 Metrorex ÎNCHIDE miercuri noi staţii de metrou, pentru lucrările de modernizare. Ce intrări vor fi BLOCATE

--

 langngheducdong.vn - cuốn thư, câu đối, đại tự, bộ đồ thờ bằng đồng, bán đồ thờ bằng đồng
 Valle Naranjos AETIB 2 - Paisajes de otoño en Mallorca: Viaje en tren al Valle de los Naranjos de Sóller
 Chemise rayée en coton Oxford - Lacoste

...

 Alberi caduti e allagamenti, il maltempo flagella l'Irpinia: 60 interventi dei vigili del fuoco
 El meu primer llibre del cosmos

#### Exercise instructions
Find where the line with "Valle Naranjos AETIB" sits in the material above, then copy exactly from it through the line with "Chemise rayée en coton Oxford - Lacoste". Add no other line.

#### Task output
 Valle Naranjos AETIB 2 - Paisajes de otoño en Mallorca: Viaje en tren al Valle de los Naranjos de Sóller
 Chemise rayée en coton Oxford - Lacoste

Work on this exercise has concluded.